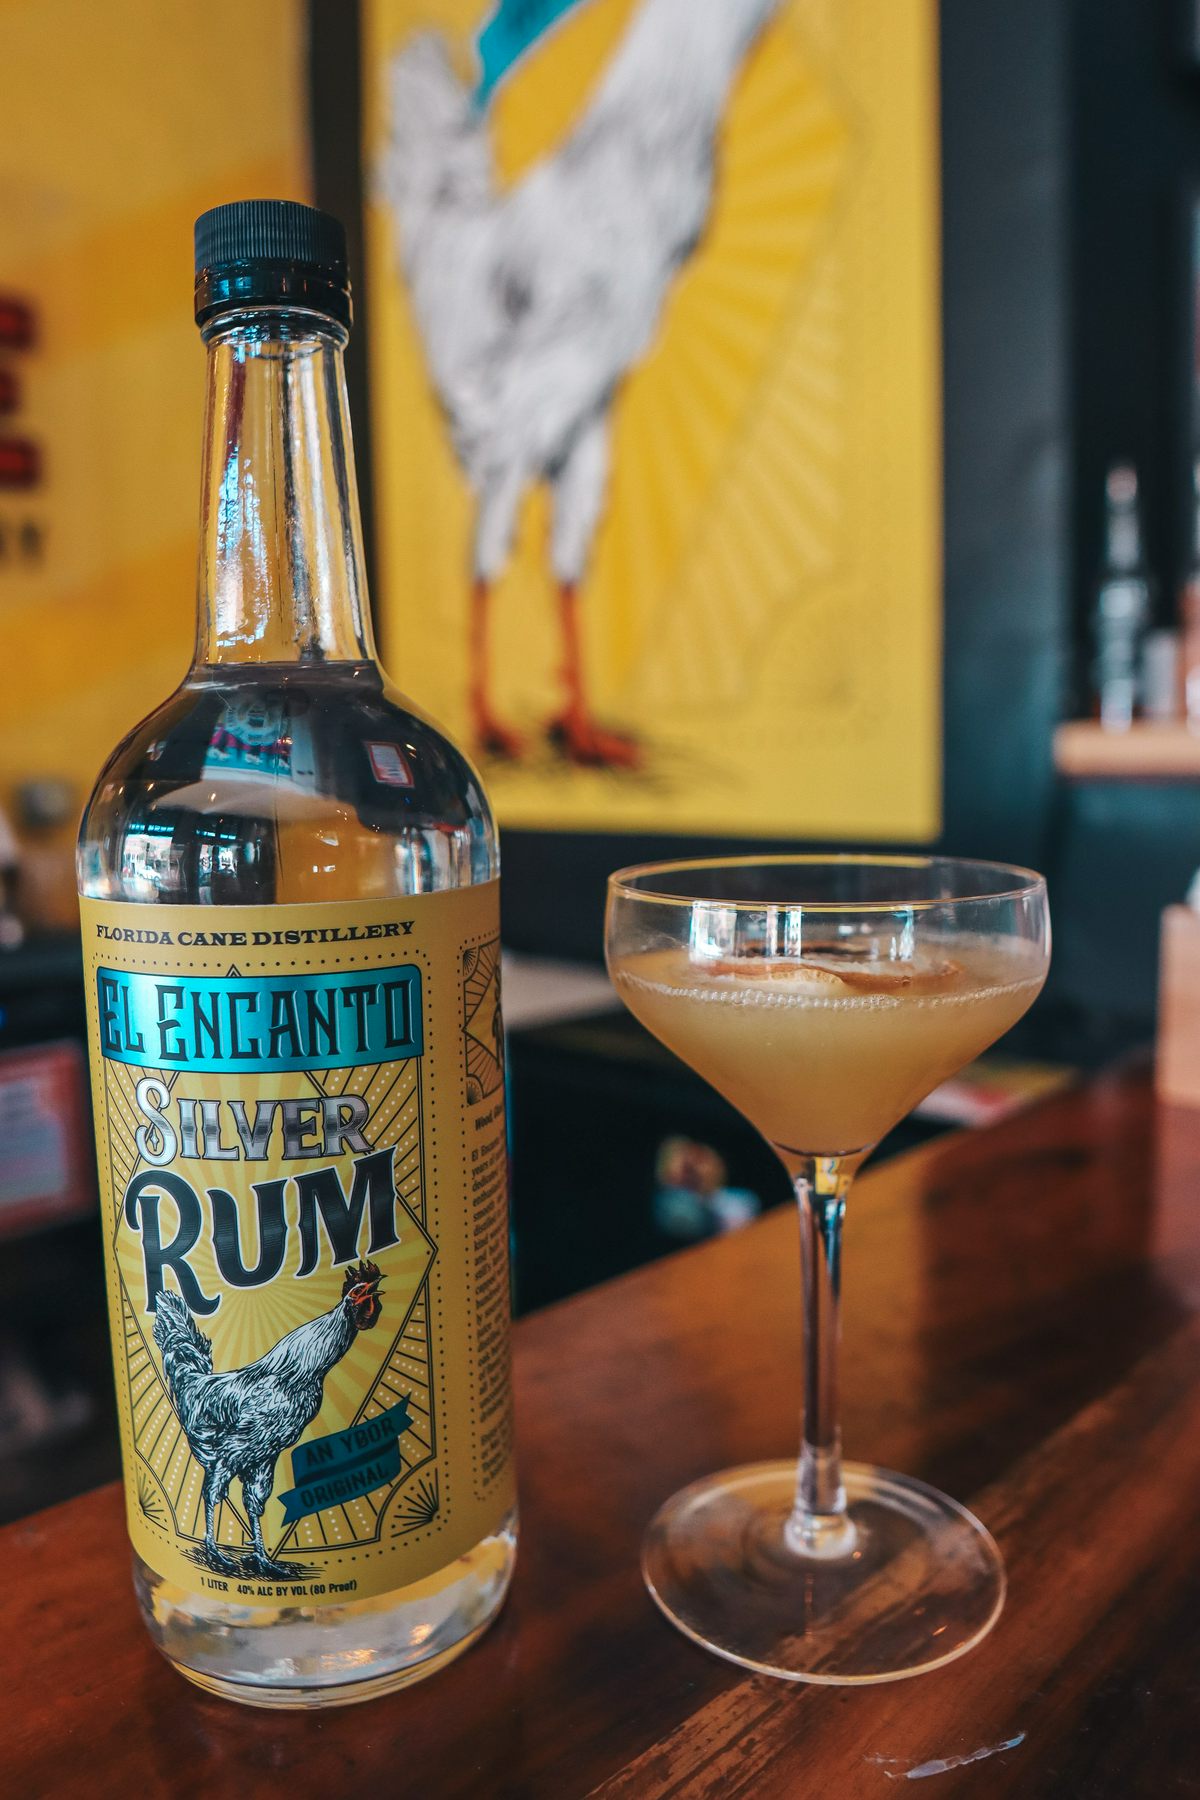 Florida Cane rum cocktail
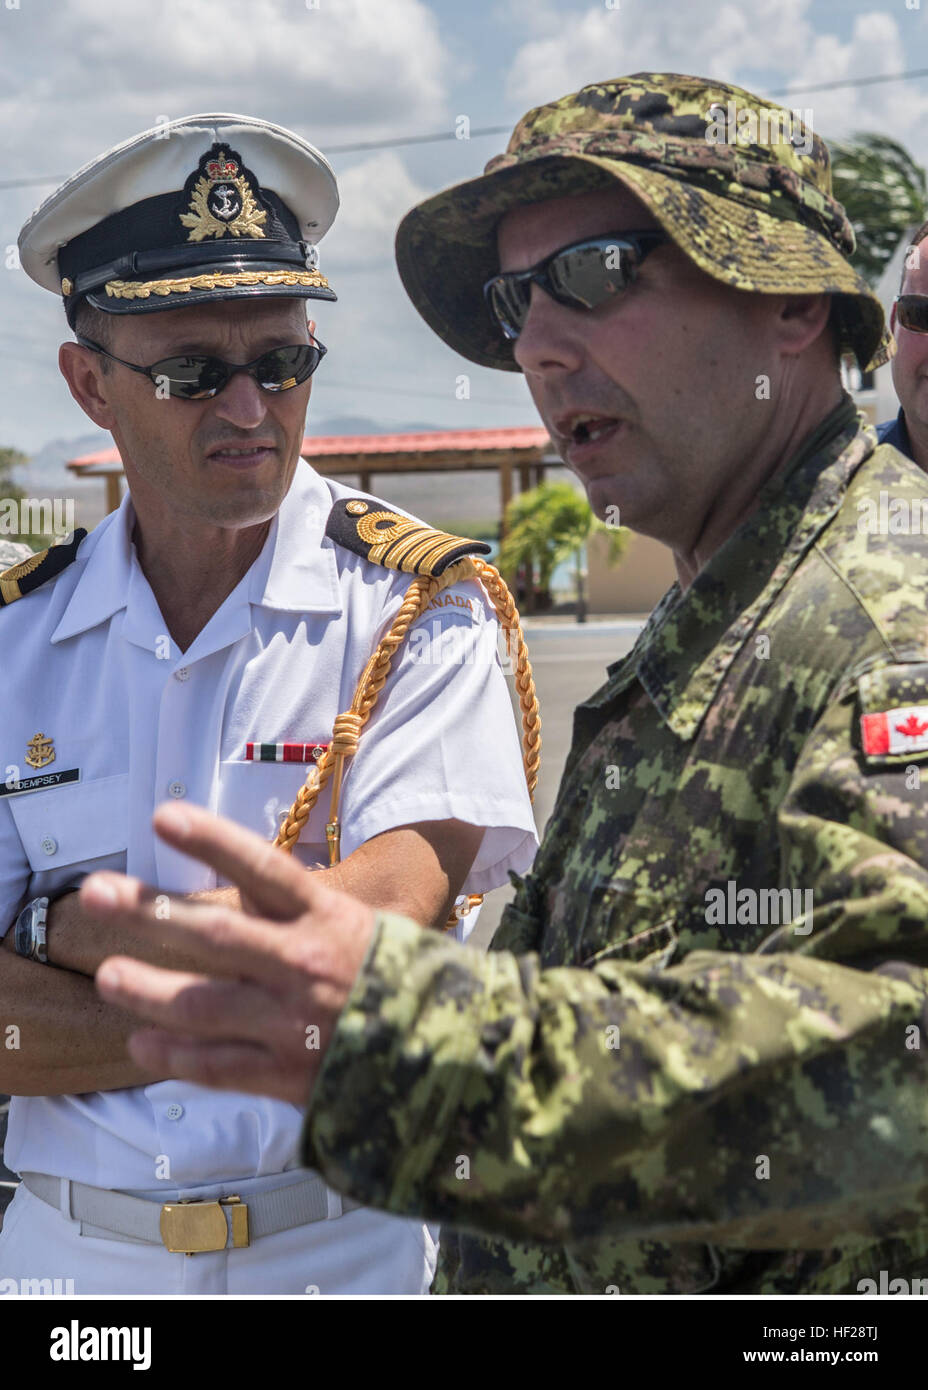 Le Capitaine Paul Dempsey, Attaché de défense du Canada pour la région, parle avec l'Adjudant-chef Cecil Elliott, Royal Canadian Regiment, à propos de la formation des événements qui ont lieu au cours de l'exercice Tradewinds 2014, à bord de la base navale de République Dominicaine, Las Calderas situé près de Bani, la République dominicaine, le 23 juin 2014. Le capitaine Dempsey a visité la base navale et a eu l'occasion d'observer une partie de la formation évolutions intervenant dans le cadre de la phase II de l'exercice. La Phase II de Tradewinds 2014 est surtout un exercice d'entraînement sur le terrain au sol eu lieu du 16 au 25 juin. Tradewinds 2014 est une co Banque D'Images
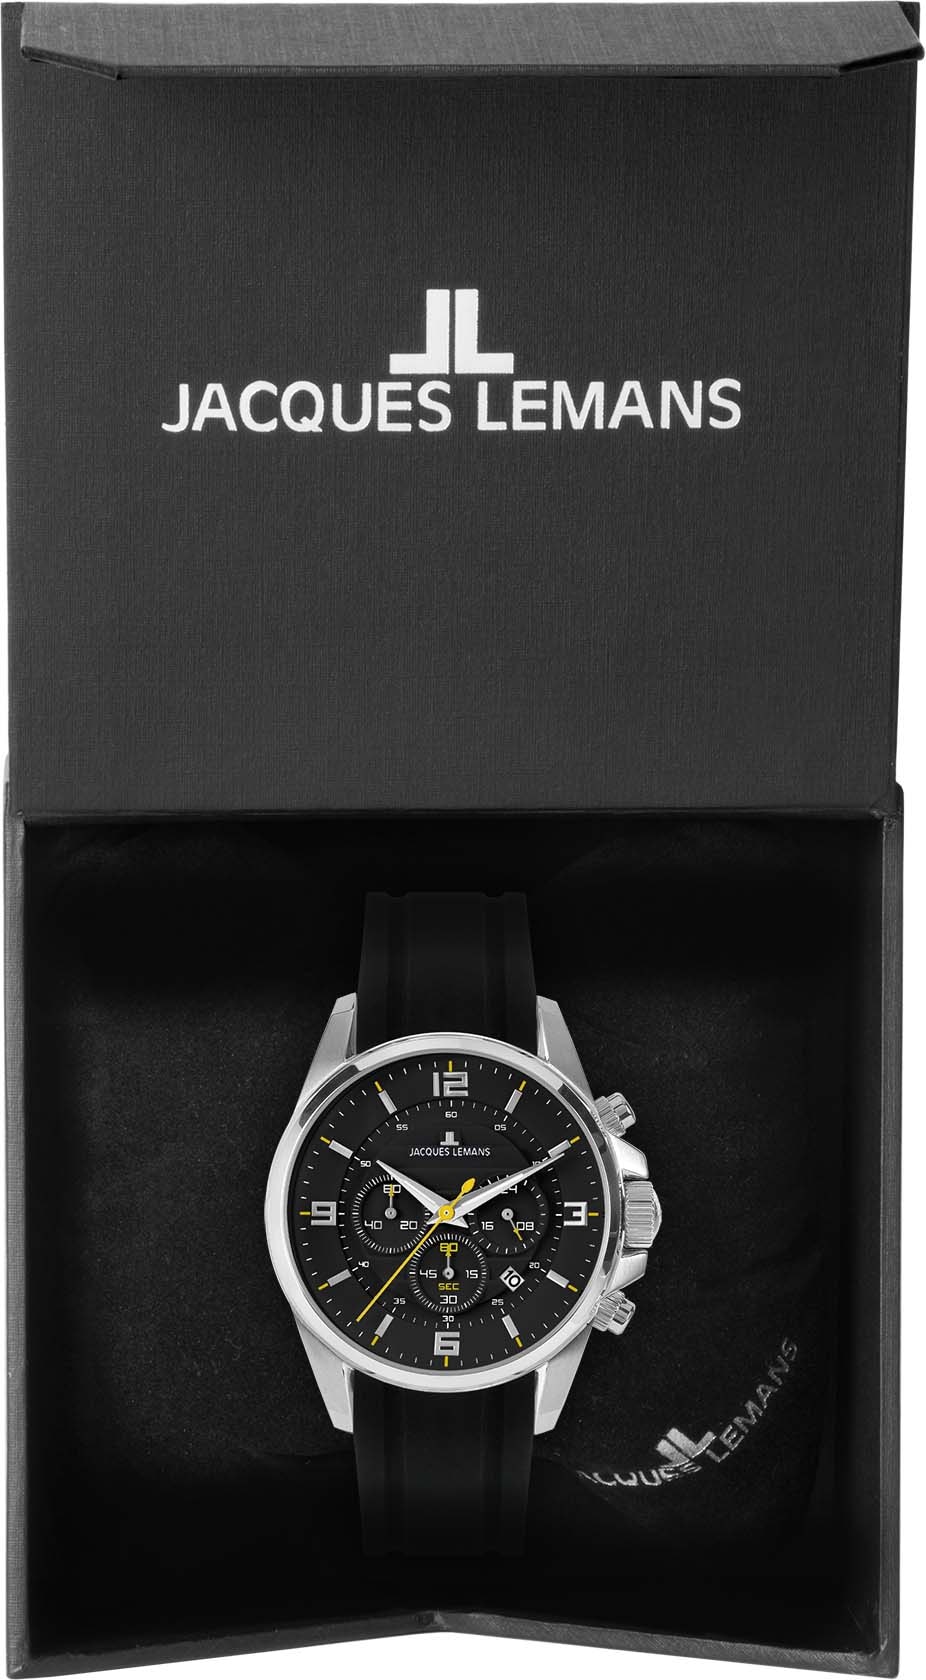 1-2118A« Chronograph Jacques »Liverpool Lemans
....
Could you print the listing above word for word, without its pictures?

 Florida Cane rum cocktail
 Le Capitaine Paul Dempsey, Attaché de défense du Canada pour la région, parle avec l'Adjudant-chef Cecil Elliott, Royal Canadian Regiment, à propos de la formation des événements qui ont lieu au cours de l'exercice Tradewinds 2014, à bord de la base navale de République Dominicaine, Las Calderas situé près de Bani, la République dominicaine, le 23 juin 2014. Le capitaine Dempsey a visité la base navale et a eu l'occasion d'observer une partie de la formation évolutions intervenant dans le cadre de la phase II de l'exercice. La Phase II de Tradewinds 2014 est surtout un exercice d'entraînement sur le terrain au sol eu lieu du 16 au 25 juin. Tradewinds 2014 est une co Banque D'Images
 1-2118A« Chronograph Jacques »Liverpool Lemans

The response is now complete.